Friday, May 25, 2018

58th District state rep race is intriguing

Published: 1/3/14 @ 12:00

By David Skolnick (Contact)

Local connection: Brenda L. Mack of Canfield will be the running mate of Ted Stevenot, a former state tea party leader, in his challenge to incumbent Gov. John Kasich in the Republican primary in May. That is assuming the ticket collects 1,000 valid signatures and files nominating petitions with the Ohio secretary of state by the Feb. 5 deadline.

Stevenot’s campaign sent an email late Wednesday stating he will make a “major announcement concerning his Republican candidacy for Ohio governor,” and that he “will introduce conservative” Mack as his running mate at a Tuesday press conference in Columbus.

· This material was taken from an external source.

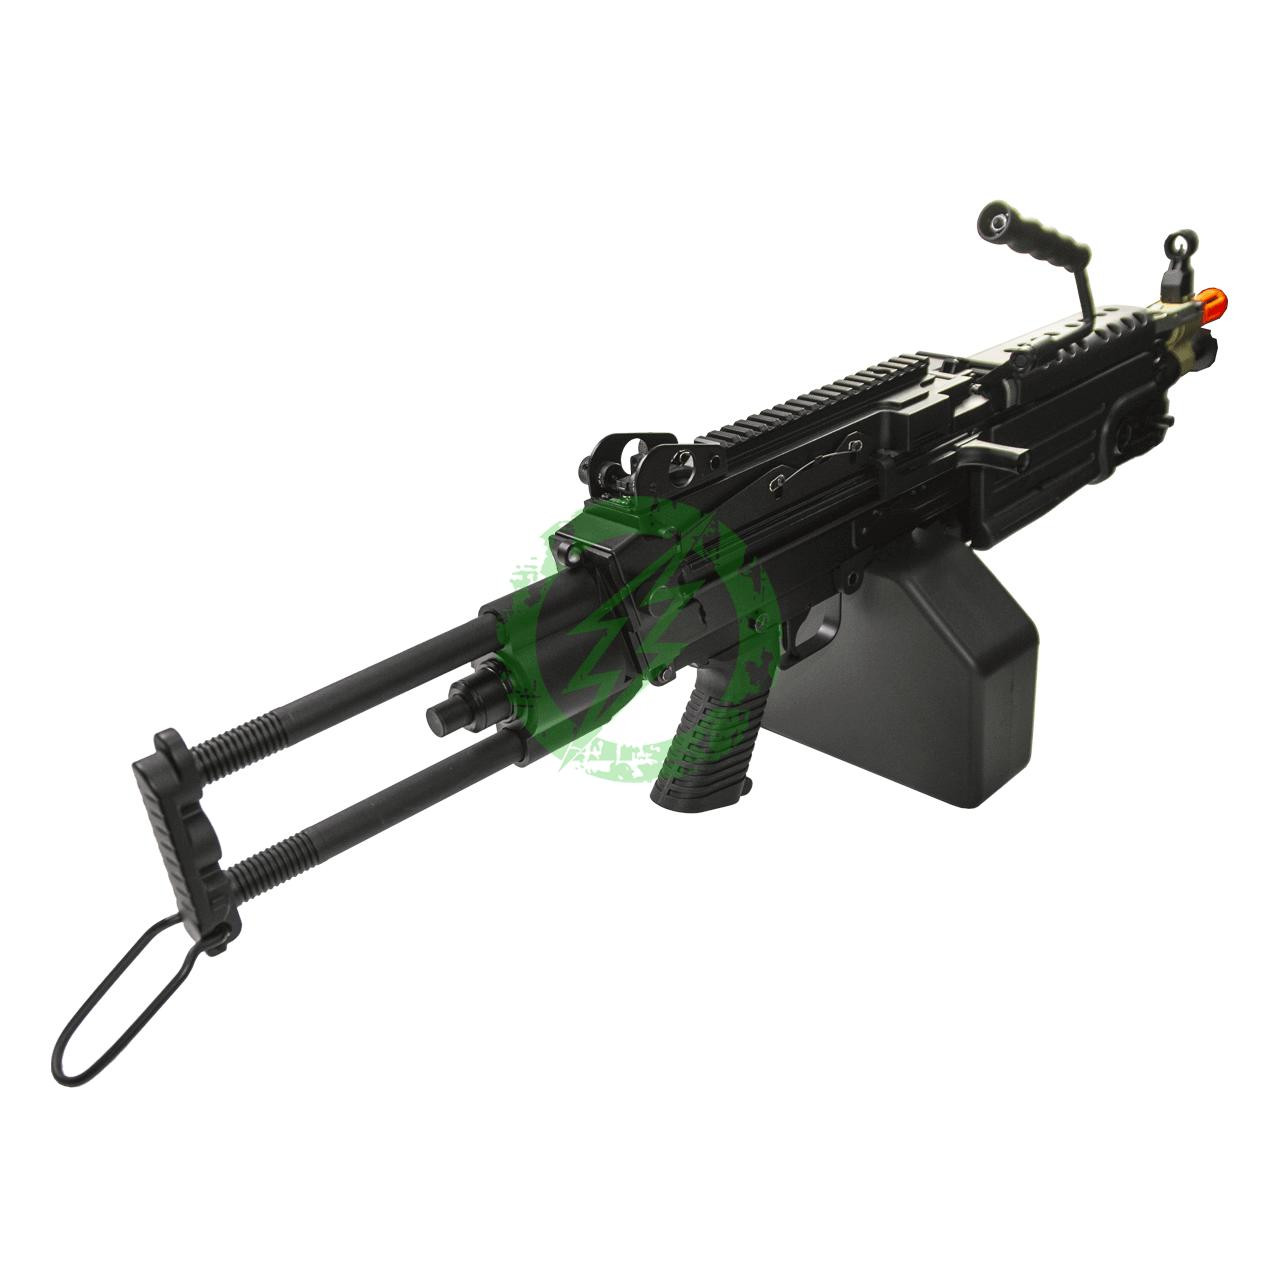  Cybergun A&K FN Licensed Black M249 Airsoft Machine Gun Para 
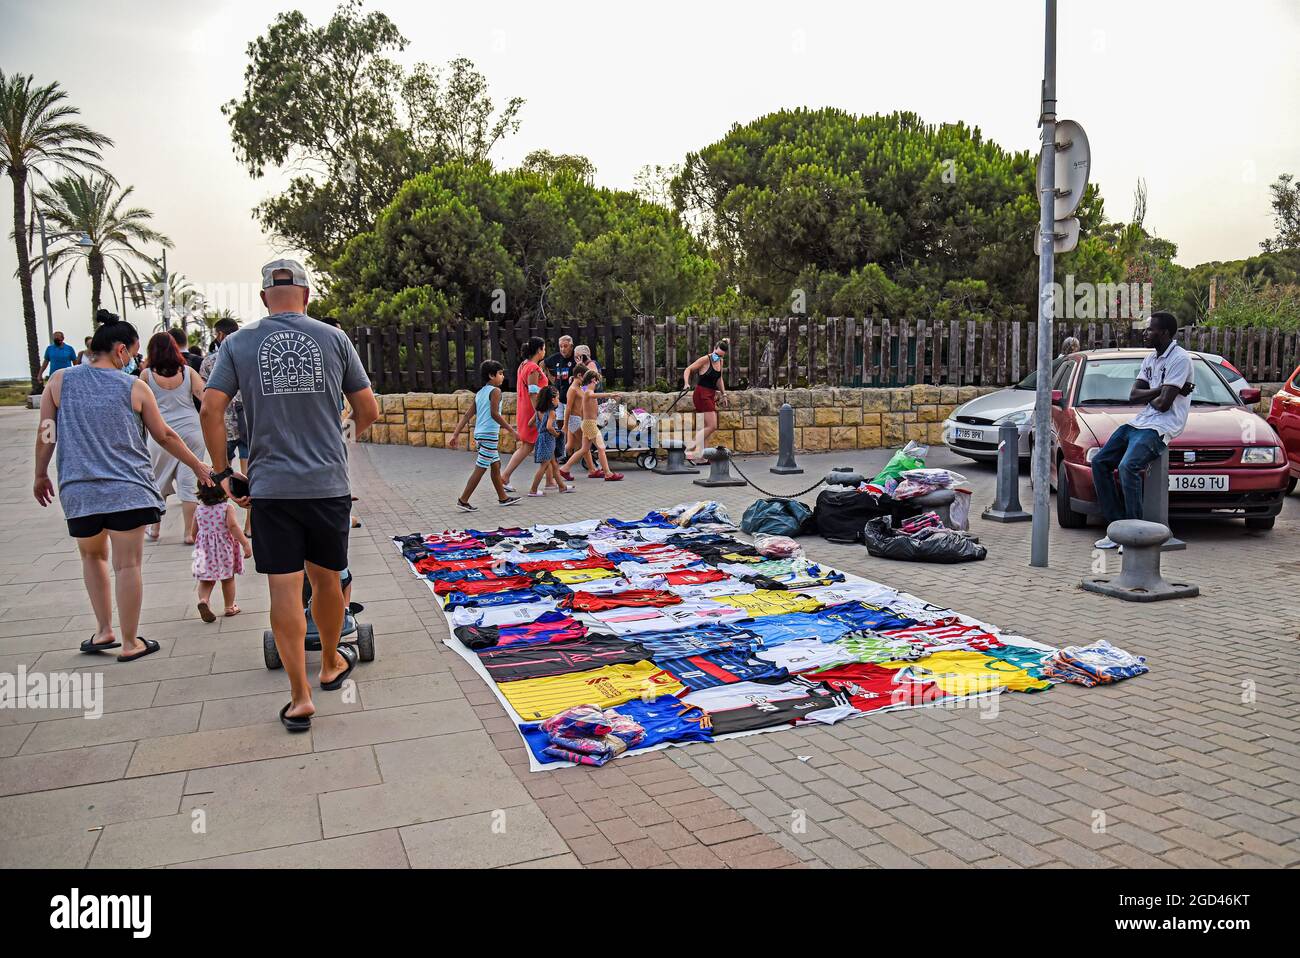 Vendrell, España. 05th de agosto de 2021. La gente camina delante de los  puestos con mantas en el suelo cubiertas de productos ilegales a lo largo  de Paseo Maritimo Street en Vendrell.

Mack is a former Ohio Black Republicans Association president and is currently the vice president of The Frederick Douglass Foundation’s Ohio chapter. She operates Precise Consulting, a Canfield firm.

Stevenot, from the Cincinnati area, is a past president of the Ohio Liberty Coalition. The coalition and other tea-party conservatives have criticized Ohio Republican leaders including Kasich.

If they file, Stevenot and Mack face a difficult task in defeating Kasich and Lt. Gov. Mary Taylor in the GOP primary.

Despite who is endorsed by the Mahoning County Democratic Party to replace state Rep. Robert F. Hagan in the 58th Ohio House District, his wife already has a leg up on the competition.

And it could make for an interesting race if the county party doesn’t endorse Michele Lepore-Hagan of Youngstown.

At the request of state House Democratic leaders, the Ohio Democratic Party endorsed Lepore-Hagan at its executive committee meeting in Columbus last month. She didn’t attend that meeting.

Her husband can’t run for re-election this year because of the state’s term-limits law.

Besides being able to use “endorsed Democrat” on her campaign literature, ads and commercials, Lepore-Hagan of Youngstown will also get to use the party label on mailers, which are deeply discounted courtesy of the state party. The money she raises for those mailers will go a lot further thanks to the endorsement discount.

Candidates who are endorsed by the county party are typically entitled to the state party’s discount. But that won’t be the case if someone besides Lepore-Hagan is selected as the county party’s endorsed candidate.

It may mean nothing.

If she captures the county party endorsement, there isn’t an issue.

If she doesn’t get the endorsement, she may not use the mail discount.

Lepore-Hagan probably would, but Youngstown Mayor John A. McNally opted not to use it during his successful campaign.

The state party doesn’t permit attacks on other Democrats on mailers and candidates need approval for the literature from the state party before it’s mailed, said Mahoning County Democratic Party Chairman David Betras.

“It takes time,” he said. “You can’t say, ‘here’s my mail.’ It has to be approved.”

Interestingly, the state party’s executive committee opted last month to not make a decision on backing a candidate to succeed state Rep. Tom Letson of Warren, D-64th, who can’t run this year for re-election because of term limits.

Letson received the state party endorsement for a seat on the Ohio Supreme Court.

Besides Lepore-Hagan, Youngstown 6th Ward Councilwoman Janet Tarpley filed for the 58th District race. Also, Cynthia McWilson and Michael E. O’Hara, both of Youngstown, are running with Youngstown 4th Ward Councilman Mike Ray and Rachel Hanni, a former Youngstown school board member, among others, considering bids for the seat.

If the county party chooses a candidate other than Lepore-Hagan, Betras will be in the awkward position of working to elect someone who doesn’t have the support of the state party.

The filing deadline is Feb. 5.

The Mahoning County Democratic Party will meet to endorse no later than 10 days after the county board of elections certifies candidates for the May 6 primary, Betras said.

In addition to Hagan’s seat, the county party will endorse in two other state Legislature races, numerous judicial posts, two congressional spots, county auditor and a county commissioner spot.